Hedonic pricing is a method used to estimate the value of a good by decomposing it into the attributes that make it up. In housing markets, the observed house price reflects both structural characteristics and neighborhood characteristics. Hedonic regression allows us to estimate how much each characteristic contributes to the median housing price.
This report examines the hprice2 dataset from the
wooldridge package to investigate the relationship between
housing prices and several neighborhood and property
characteristics.
The main research question: What is the impact of the crime rate on the median house price in a given area, holding other factors constant?
The analysis uses multiple linear regression to estimate the effect of crime while controlling for other relevant variables.

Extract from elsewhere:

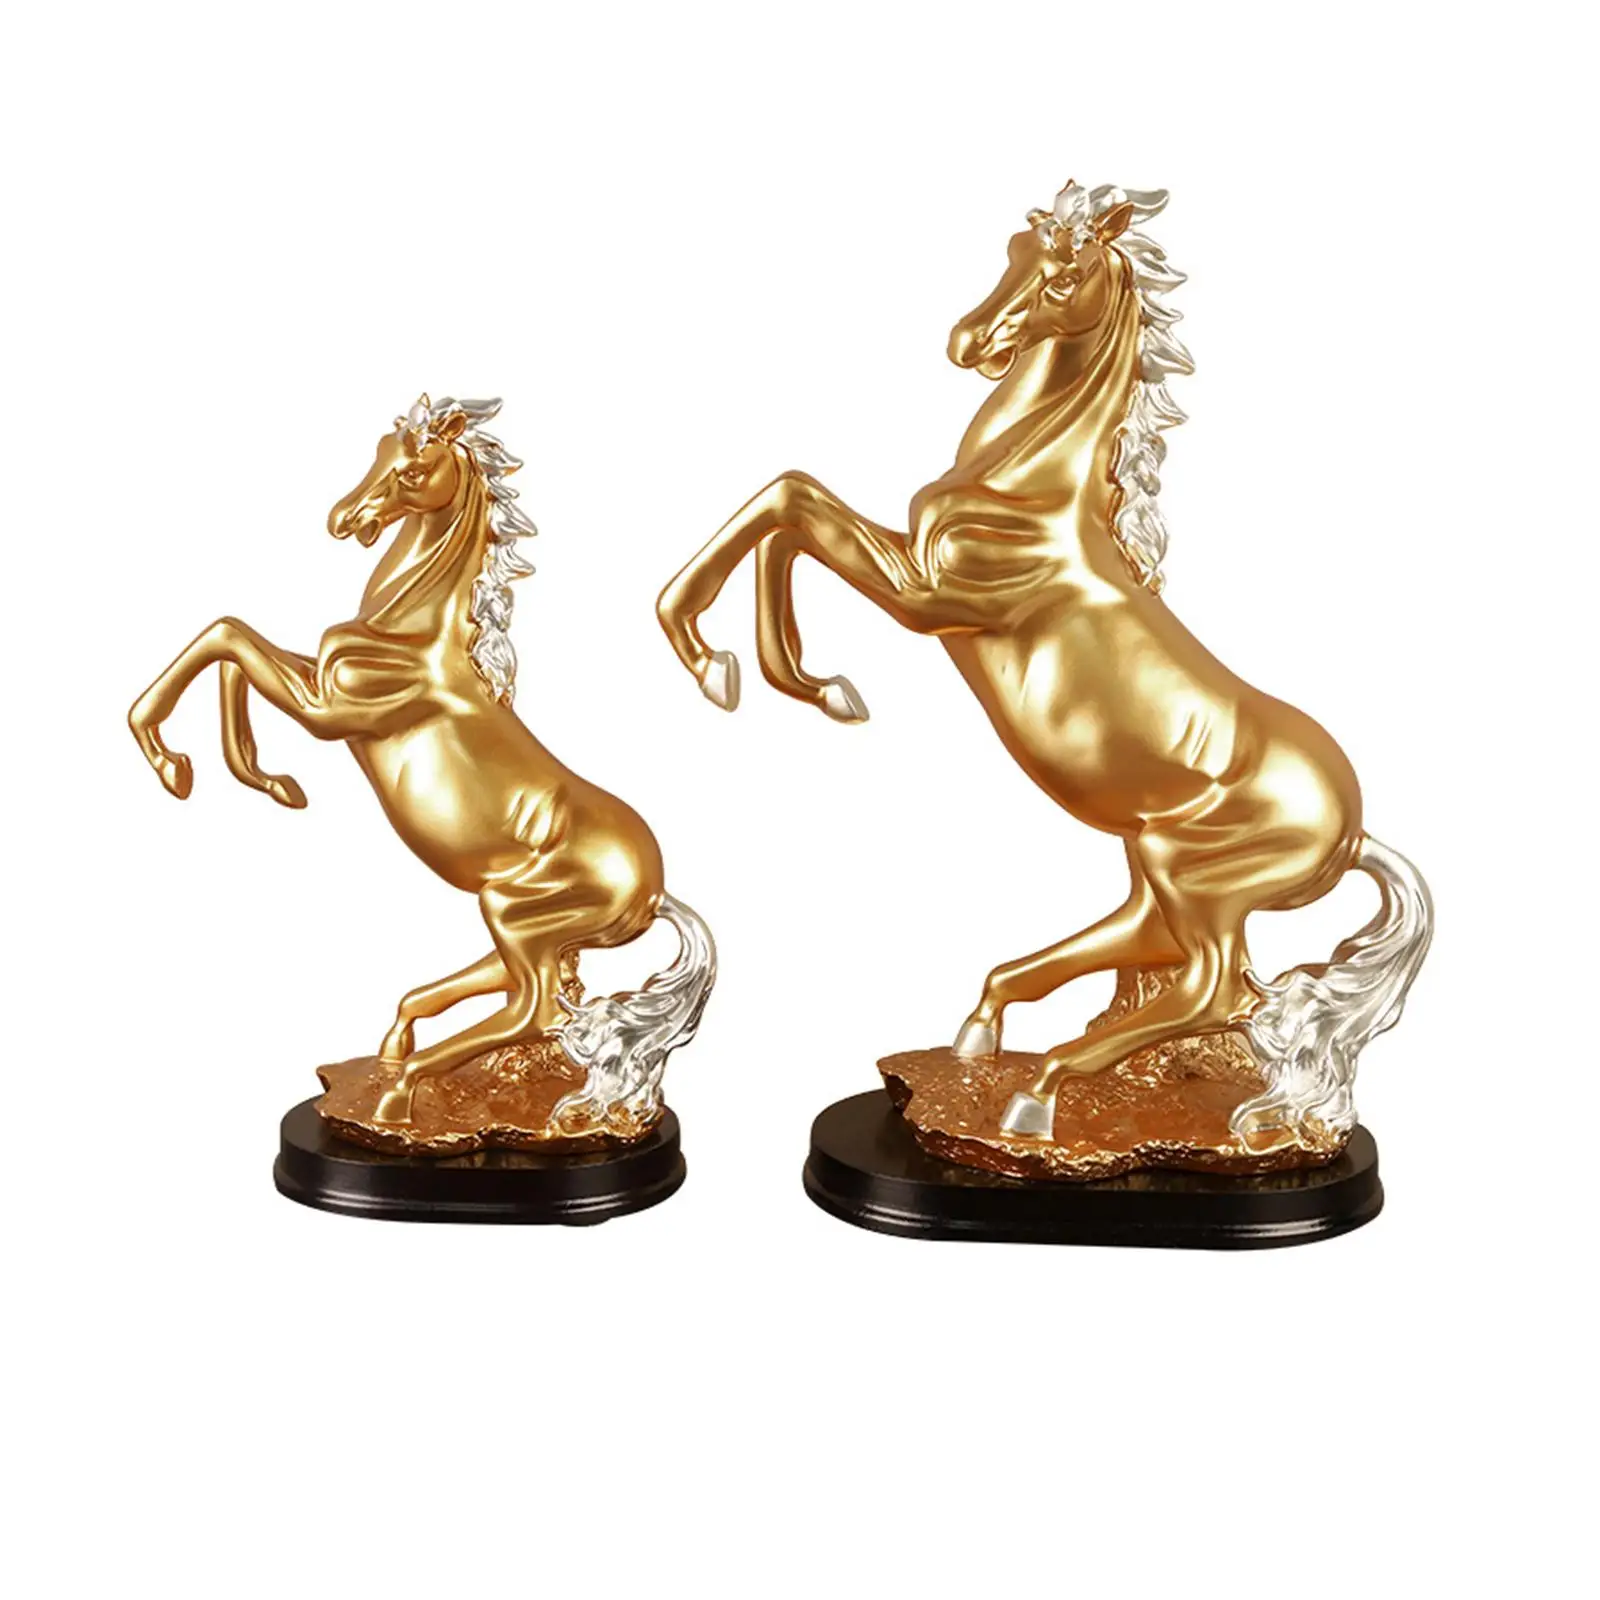 

Galloping Resin Figurines Sculptures Decorating Art Works Collectible Horse Statues for Home Wedding Living Room Stand Sill

| Variable | Expected Effect on Price | Reason |
|---|---|---|
crime |
Negative | Higher crime lowers attractiveness. |
nox |
Negative | More air pollution lowers desirability. |
rooms |
Positive | More rooms increase home value. |
dist |
Positive | Greater distance may reflect better surroundings. |
radial |
Ambiguous | Highway access can help or hurt value. |
proptax |
Negative | Higher taxes reduce willingness to pay. |
stratio |
Negative | Higher ratios suggest lower school quality. |
lowstat |
Negative | Higher lower-status share often lowers prices. |
The hprice2 dataset contains housing and neighborhood
variables commonly used in hedonic price studies. The dependent variable
is price, which is the median housing price in a community.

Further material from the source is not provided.